Translation:Nuo porot elävät täällä kylmässä Suomessa.

June 25, 2020



Seconded, still missing täällä in the sentence. I've reported it as well.


You are right, the word täällä was not in this sentence.


You are talking about the audio?

[deactivated user]

    If here were present should it not match the adjectives so rather than tällä it would be tässä kylmässä Suomessa


    i think the difference here is twofold .

    1: tällä is adessive case of tämä, and you use it in cases like "kissa on tällä matolla" (the cat is on this mat) where both the adjective and noun match addessive cases. In our example, kylmässä matches case with Suomessa because kylmä is an adjective modifying Suomi.

    2: täällä is the superessive case of tämä, and is used as an adverb to mean "over here," and therefore does not need to match any case.

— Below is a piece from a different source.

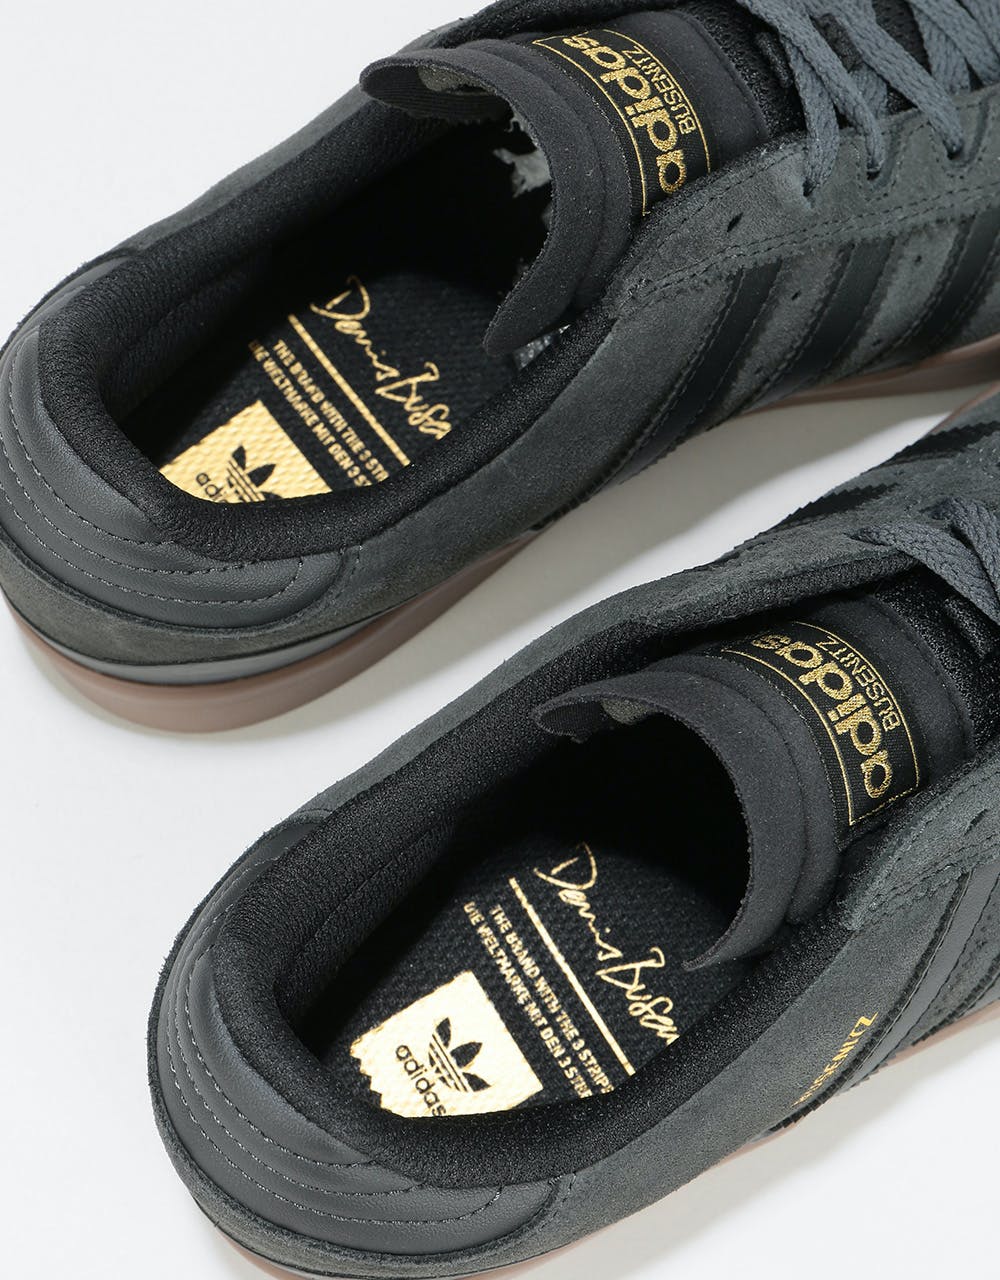 adidas Busenitz Vulc Skate Shoes - Solid Grey/Core Black/Gum – Route One

    so if you say tässä kylmässä Suomessa, it'd be like saying "in this cold Finland, as opposed to the cold Finland over there"

    I could be wrong here, so if I am, please correct me.

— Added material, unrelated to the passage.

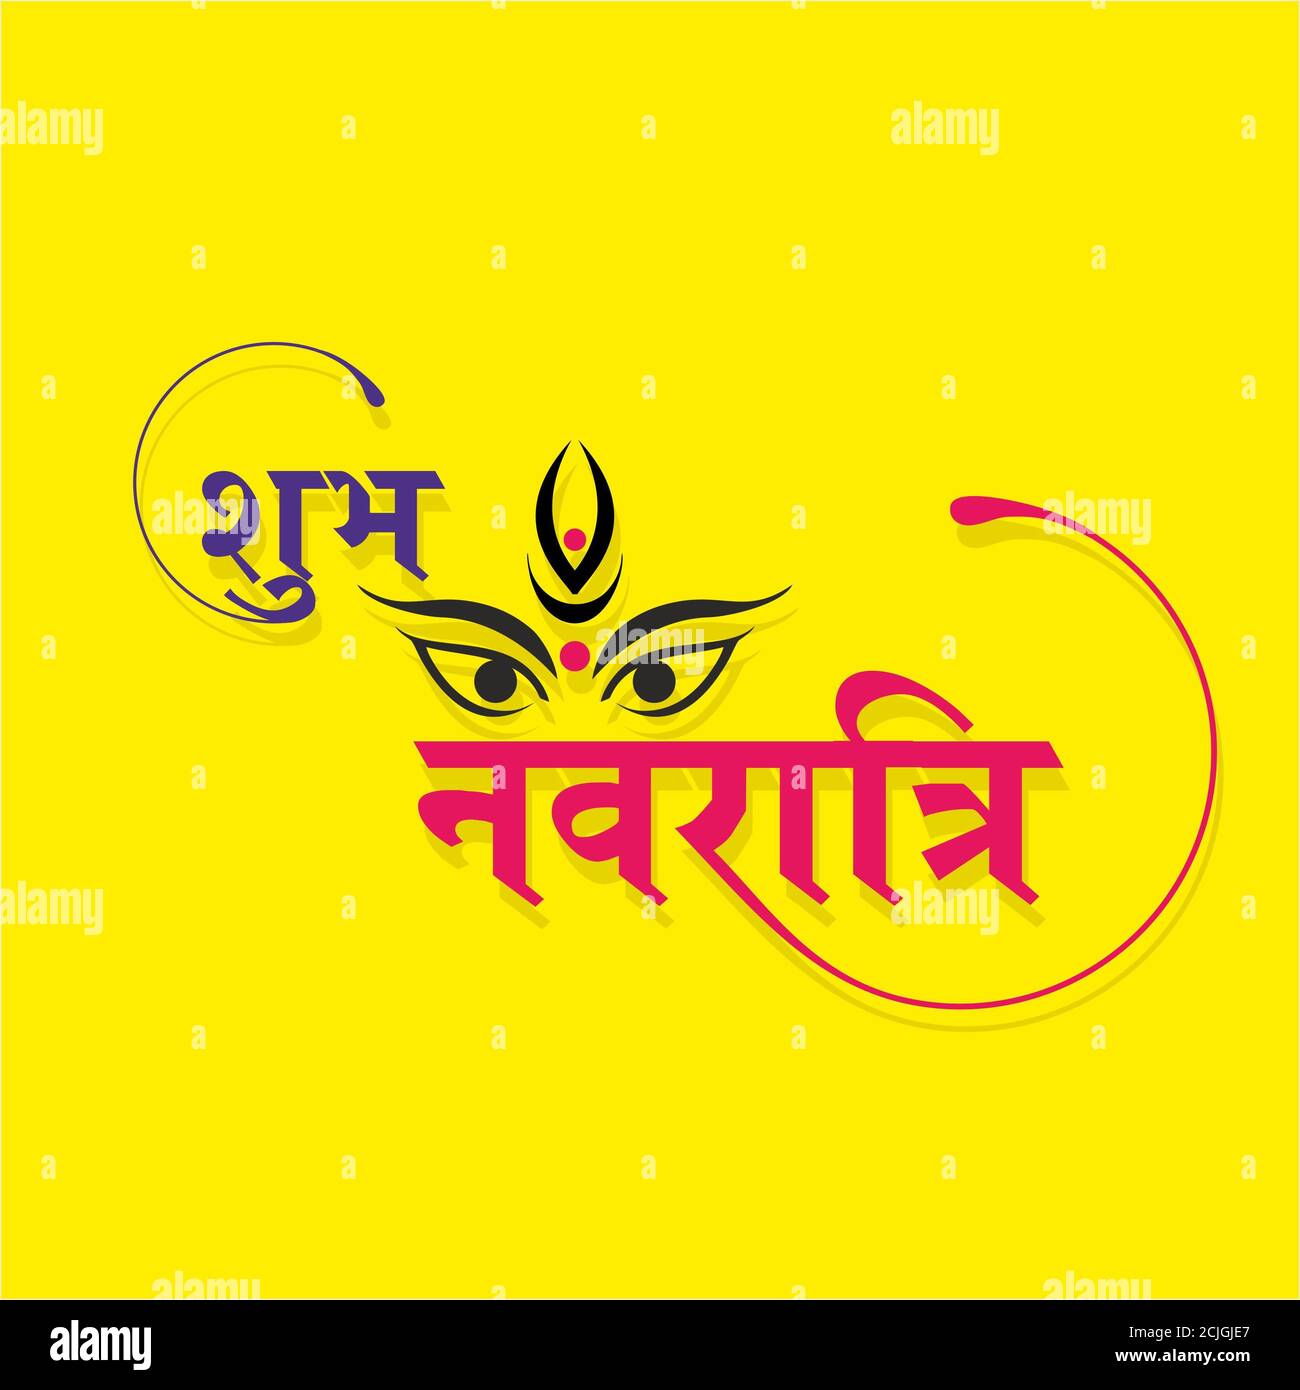 Happy Navratri or Shubh Navratri Banner on White Background - Indian  Festival Stock Photo - Alamy

    Please someone explain the use of 'täällä' and 'tässä' in this context:

    Why is

    Isä asuu tässä maassa. (tässä)


    Nuo porot elävät täällä kylmässä Suomessa. (täällä)



    'Tässä' is 'tämä' in the inessive case and means 'in this'. It's refers to 'maassa' because both are in the same case. The phrase means 'in this country' and you can't use it in this context because then it would say 'in this cold Finland'.

    'Täällä' is an adverb of place and means 'here'. So in order to say 'here in cold Finland', you have to use the adverb 'täällä' and 'kylmässä maassa' in inessive case.

    I hope that helps!


    But we also learnt that "tässä" means "right here" while "täällä" means "over here". When the sentence states only "here" - couldn't it be both?


    "Täällä" is used when you refer to an area, "tässä" for a spot or a limited space like a room. Since Finland is a country and thus a large area, you need to use "täällä".


    Thank you. That's the explanation I was looking for.


    Thanks for your clear explanation. I got it now!


    May I ask what's the difference between these 2 verbs 'asua' and 'elää' ? At the moment, I assume one is used for human, and the other for animal.


    I would suggest that asua is like 'to live a life - work, have a family ...etc.' and elää is like 'to be in existance'. It's similar to Hungarian asua = lakni and elää = élni. I hope I could help. :)


    Your explanation makes more sense. Good to know. Thank you very much ^_^


    You are very welcome! :)


    If you remember "elää" = "live, exist" and "asua" = "reside, dwell", that is pretty much it.


    The answer is omitting here


    I'm afraid that is not the right answer, as it's an adverb of place so you either write: here in cold Finland or in cold Finland and it's not the same.

    [deactivated user]

      So now we're back to elä!


      Yes, 'rendeer' is (officially) in plural 'rendeer'. BUT, some dictionaries do have the words 'rendeers' and this latter word is probably the most used one.

      It's quite superfluous now to complicate Finnish language learning and keep the word 'reindeer' for plural.

      Yes, the father of grammar made the rules. Yet, things that don't make sense can be changed by those who are involved with them.


      I disagree. "Reindeer," like plain "deer" and "moose" and other such plurals, is still the most common usage, and the appearance of "reindeers" in some dictionaries by no means indicates that it's the dominant form.


      I am not sure about the here. Is it implied?


      More like invisible :-/


      Reported the missing here again on 8 September 2020.


      the first and last answer are exactly same but why the first one was decided as wrong?